I GOT MAD AT A BANANA TODAY.


I’m just going to admit it; I’m not a happy person right now.  I’m on edge, I’m irritated, and I’m taking it out on fruit.  And here’s why.

I moved into a condo last summer and life has been pretty pleasant there, until last week when I discovered there was a water leak in my happy little place, due to a structural problem with the upstairs balcony.  My management company has assessed the situation and confirmed that this repair is their responsibility, yet, it hasn’t been fixed yet!  And why not?  Because they haven’t received the quote for the repair from their contractor.  Apparently the contractor is “very busy”.  Well, maybe the contractor needs to be made to understand that I AM FREAKING OUT OVER HERE.  It’s pouring rain today and all I can do is imagine the flood I will be going home to later.  I don’t see myself handling that situation well on any level whatsoever, so I’m having some suicide pills overnighted to me, just in case L

That fresh fuckery aside, life in Toronto is pretty pleasant these days.  Spring is here, the snow is all gone, and people are happy to have survived yet another Canadian winter.  For those who haven’t been to Toronto, one of the things you need to know is that most people here are exceedingly polite.  I often go to a little coffee shop near my office for lunch on weekdays, and in the entire five-minute visit, I will hear the phrases, “excuse me”, "I'm sorry" and “thank you” at least 10-20 times.  Canadians abhor rudeness in general, and we actually pride ourselves on the fact that people abroad can always tell us apart from Americans because we are so polite and respectful, as opposed to rude and pushy.  And please know that I’m not SAYING that; I’m just REPEATING it, okay? So before anyone gets mad at me for profiling Americans in this manner, I will just quote the writer David Sedaris (an American himself), who refers to Americans as “the trumpeting elephants of the human race”.  Come on, that’s damn funny…and you know you laughed, ya damn Yankee J

But in fairness to Americans, I will concede that although yes, they can be hellishly loud and fairly rude, they’re also very, very friendly, and always happy to assist tourists and educate us on the wonder that is the U.S.A.  New York City – which I love, love, love – is a classic example of this.  The place is an assault on the senses, it truly is. The crowds, the lights, the noise, the traffic, the hordes of people; it moves at a pace most people in Canada are just not accustomed to.  But I’ve always been able to get someone to point me in the direction of the nearest Duane Reade, even as they nearly decapitate me with their briefcase and race by me to steal my cab.  Floridians are so very helpful when they tell you not to worry about the sharks in Daytona Beach or the murder rate in Miami.  And Californians, bless them, will always pat your hand and reassure you – “it’s just a small one” – as the world starts to move side-to-side, sirens go off, the dinner table dances across the room and paintings fall off of the walls.   America J  Already great, if you ask me!

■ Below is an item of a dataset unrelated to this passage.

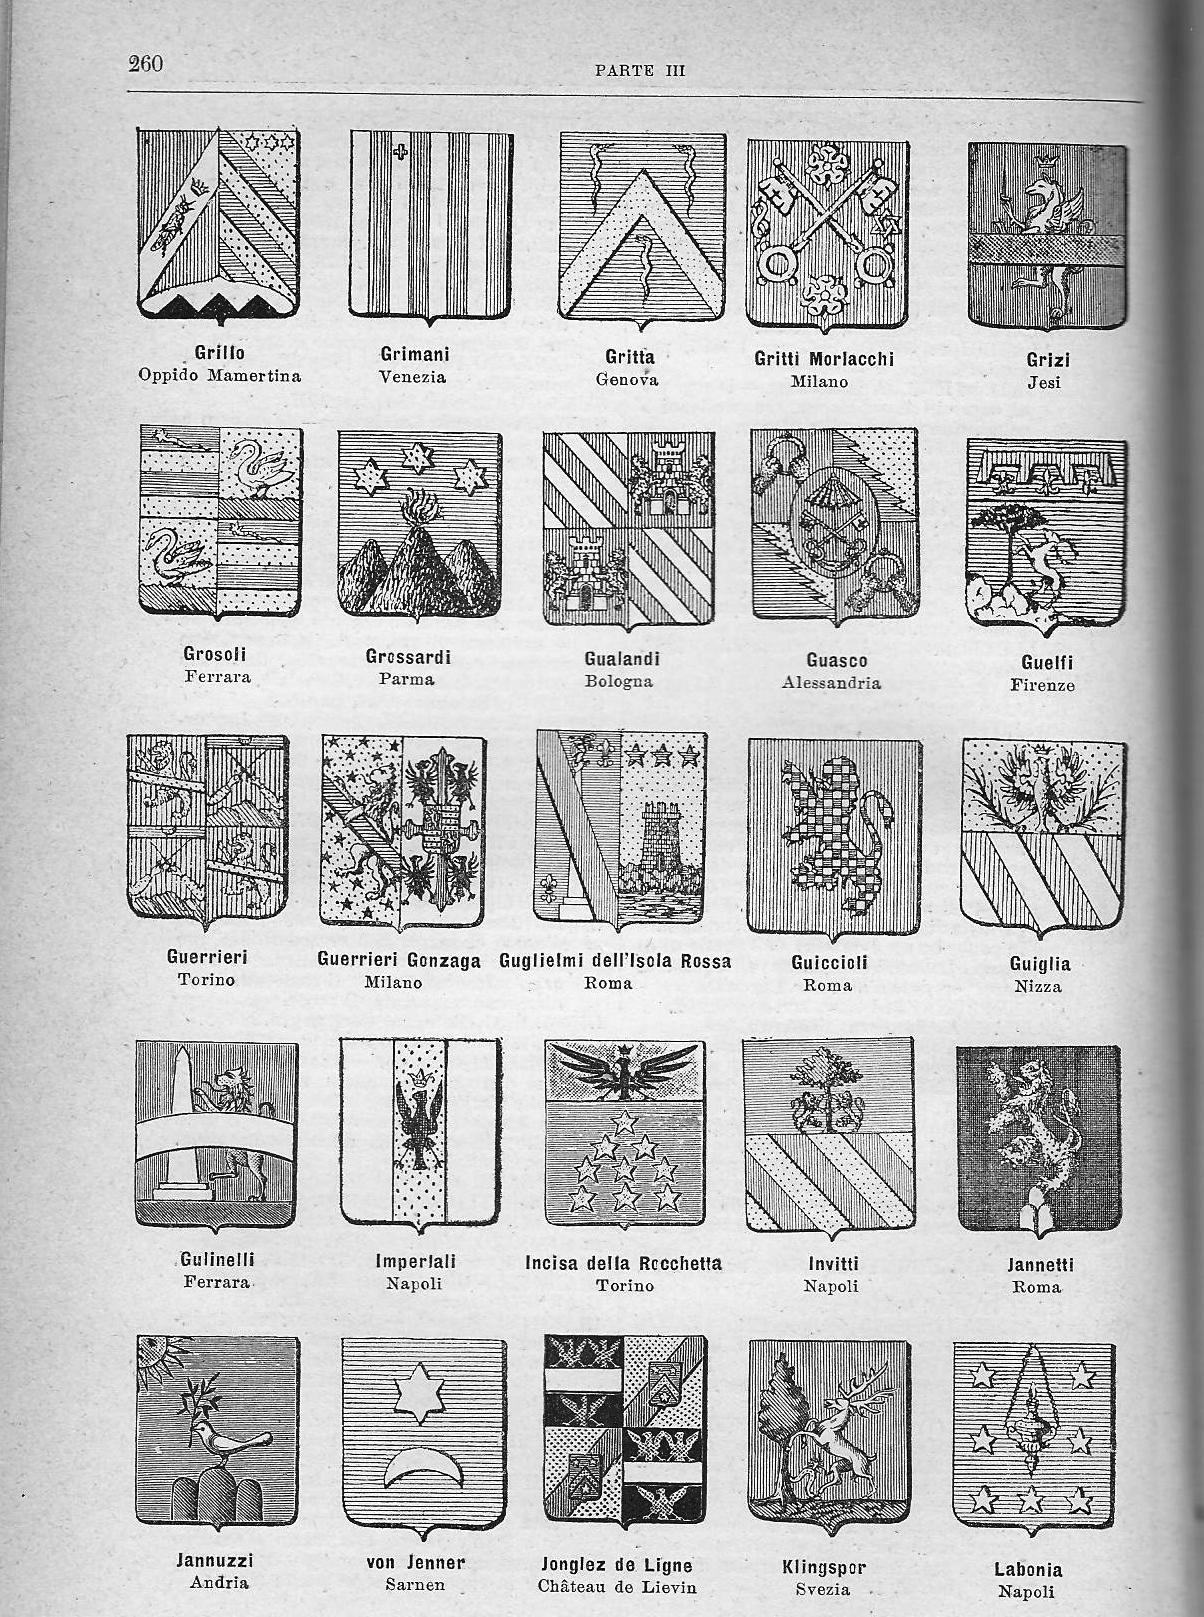 Calendario 1900.File Calendario D Oro 1900 Pagina 260 Jpg Wikimedia Commons
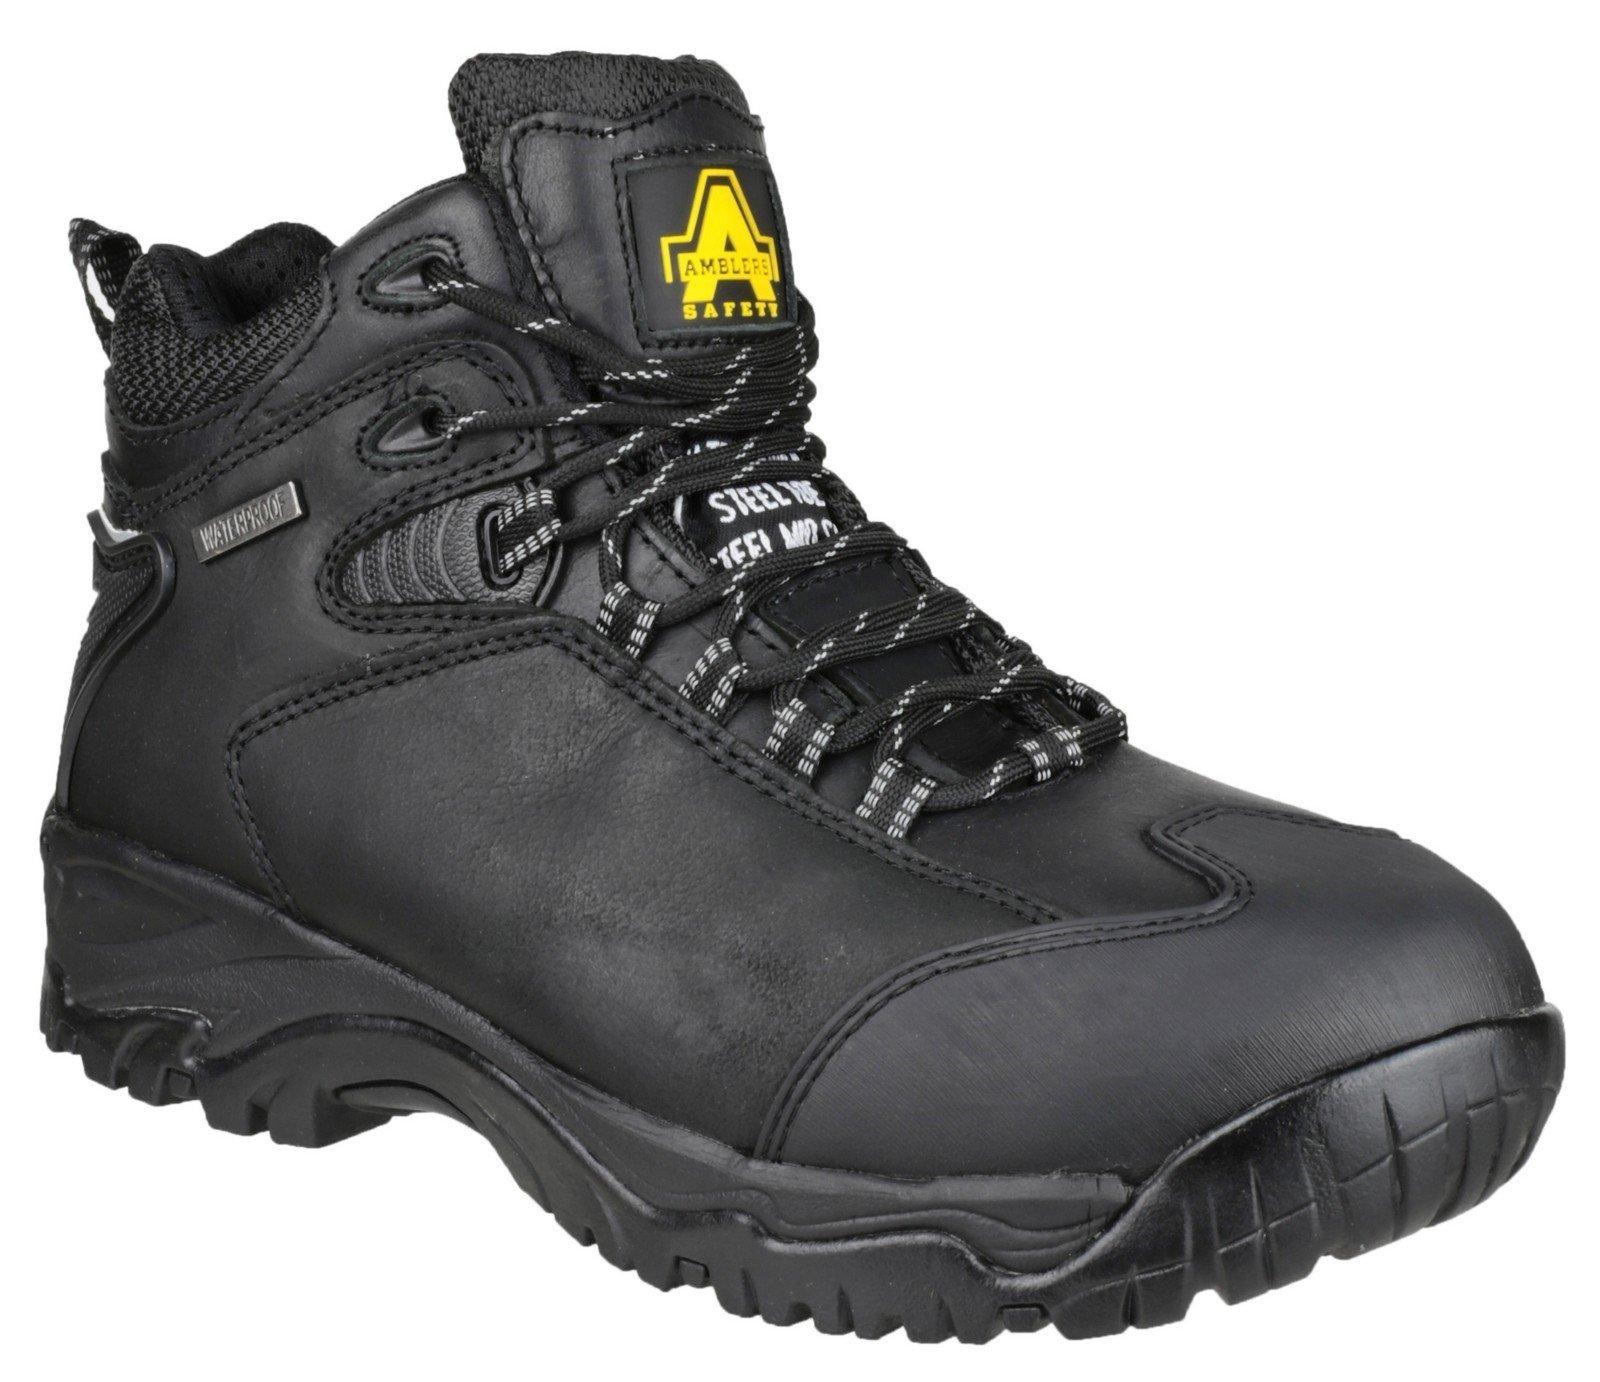 Amblers Unisex Safety Waterproof Lace up Hiker Boot Black 12319 - Black 6

And as it is 12:19 now, I think it’s time to lose myself in a slice of pizza and maybe a bag of Cadbury Mini Eggs.  I thank you for taking the time to read my blog, and until next time….CIAO.

Monday, 17 April 2017

Six Years Later...

Star date: April 17, 2017 and here I am, finally picking up my baby which I abandoned nearly a full six years ago. Much has happened in my life these past six years and I feel like I am different now, yet not.  Life experiences always shape us and I've had some major ones these past six years.  Let's recap, shall we?

  • I am employed again :)  I was fortunate enough to be hired by an amazing company in November of 2011, and I've enjoyed every day I've been there.  All the stars lined up for me on this one, clearly.  It's close to home, it's a Canadian company, the work is fun and the people are fantastic.  I got so very lucky landing this gig, really!  I'll work there until I either a) somehow come up with enough money to be able to retire (giggling and shaking my head as I ponder that) or b) die. 

  • I am single again. Fully single.  And there are details, rather dirty and awful ones, behind the events that led to my resuming single status, but I don't think I'll get into it right now.  I will, though; I promise I will as I believe that might lead to further healing for myself.  Said healing being necessary, because while I do feel like I've moved on, my psyche rudely and abruptly informed me a couple of nights ago that is NOT the case as it plunged my brain into a terrible, awful dream about terrible, awful people and the things they do.  Or did. To me.  Yeah, the terrible, awful things they did TO ME.

  • I have relocated my life.  My ex and I sold our house last April - and that whole process is something I will get into in more detail in another post - and I moved into my own little place the following June.  Life here in my condo has taken me through so many emotions; at first I felt displaced, terribly lonely, and hopeless about the future.  Drama-queening it up, as I do ;)  But as the months passed by, I started to shed the painful layer that was my past with Andy, and began feeling safer and freer every day in my own little house.  Partly because my Mom is here with me, but she can only be here sometimes, because she's an angel now and has my other siblings to tend to as well. 

  • Yes, my mother died :(  In November 2015, just a couple of weeks after her 80th birthday.  It's been a shock to me just how much I wish she was still here.  I assume it's safe to say that all people who have parents also have an awareness that their parents will die someday, especially as every year goes by and we all get older.  But the feeling of not having a mother, of being an orphan, and of just wishing she was still here....one can't really prepare for that.  It's life-changing, obviously.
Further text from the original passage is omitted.